The MTUC is asking for private sector employees to be given a RM300 COLA to help them tide over the recent spate of price hikes.
Shamsuddin said paying extra allowance to their employees would be a big challenge for many small and medium-sized companies struggling to cope with higher operational costs due to rising utilities costs and the minimum wage ruling that came into effect on Jan 1.
MEF represents 4,500 member companies and 18 affiliate trade associations.
The MTUC, however, claimed that many employers were not incorporating COLA or factoring in the cost of living in their wage systems.
“That is why the Government needs to regulate the COLA and make it a policy.
“The price hike has been a shock to the people’s system, especially those in the low- and middle-income group, so we hope the Government can help reduce their burden,” said MTUC president Khalid Atan.

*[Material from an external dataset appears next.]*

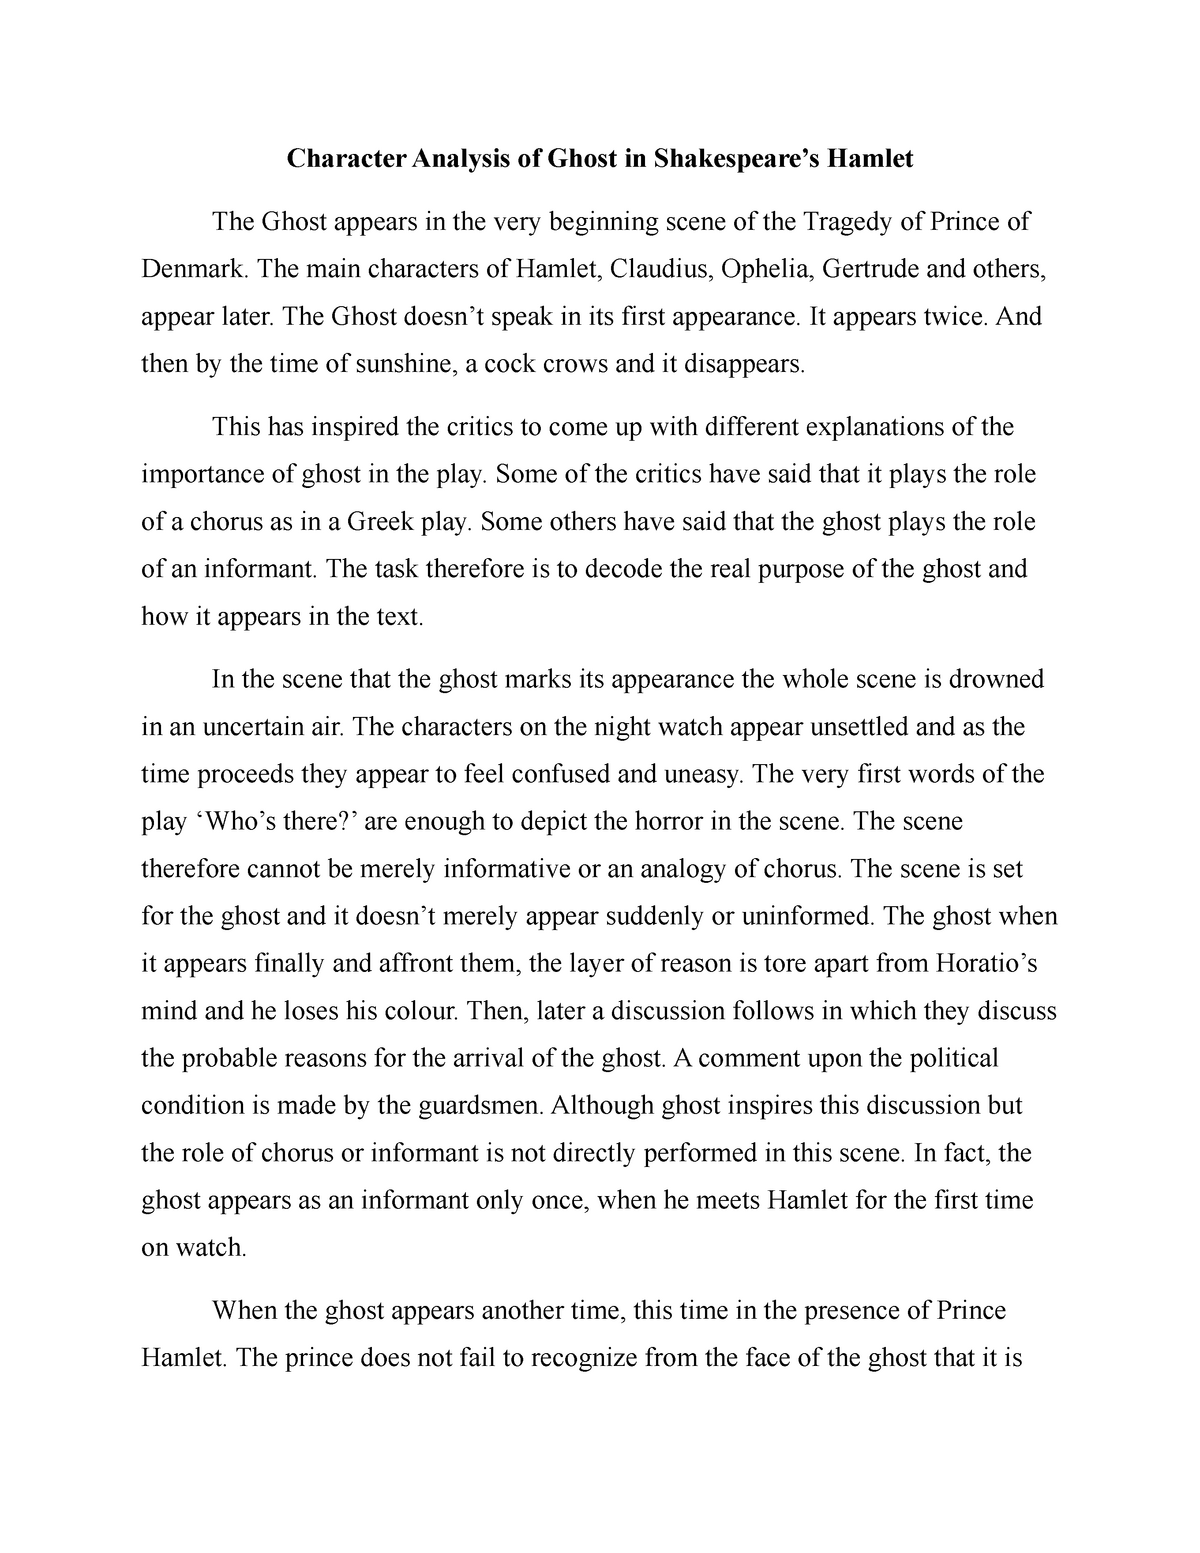 essay on the ghost in hamlet

“The increased transportation, food and schooling costs have had an immediate impact on the workers in the lower-income and middle-income groups. Many are trying to tighten their belts but how can they when they don’t even have enough to cover the basic essentials.
“It is essential for the Government to introduce the regulation on COLA because almost five million private sector workers are now on minimum wage, which is just RM30 above the poverty line of RM870 per month.”
In the interim period, he suggested that companies assisted by providing subsidised food and lodging for their workers.
“If workers are happy, not worried or stressed about their finances, they will be able to work hard and companies can increase their productivity. This will be a win-win situation.”
He pointed out that the Government provided civil servants between RM100 and RM300 as COLA depending on whether they were working in a city, town or a rural area to the civil service.
Non-officers, who form the bulk of the 1.4 million strong civil service, get RM180 for housing allowance while officers get a minimum of RM250. Government workers also get housing loans at a low interest rate.
MTUC had included a proposal for COLA in its previous demands for a minimum wage regulation to the Government. However, only a minimum wage ruling has been enforced, which puts the minimum pay for workers in peninsular Malaysia at RM900 and RM800 for those in Sabah and Sarawak.
The National Union for Bank Employees (NUBE), which is proposing a RM500 allowance, said that COLA was not impossible to manage for employers as it was already provided to workers in Sabah and Sarawak by many private companies.
“Many employees in Sabah and Sarawak, including those working in the banking sector, receive a COLA of 15%-22.5% of their basic salary. We hope employers can extend it to the workers in the peninsula, especially the banks and government-linked companies.
“We know they, especially the public listed companies, can afford it because they recorded a profit last year,” said NUBE secretary-general J. Solomon.
“The RM300 is a figure in MTUC’s original proposal for COLA in the 1990s, and our cost of living has shot up more since then,” he added.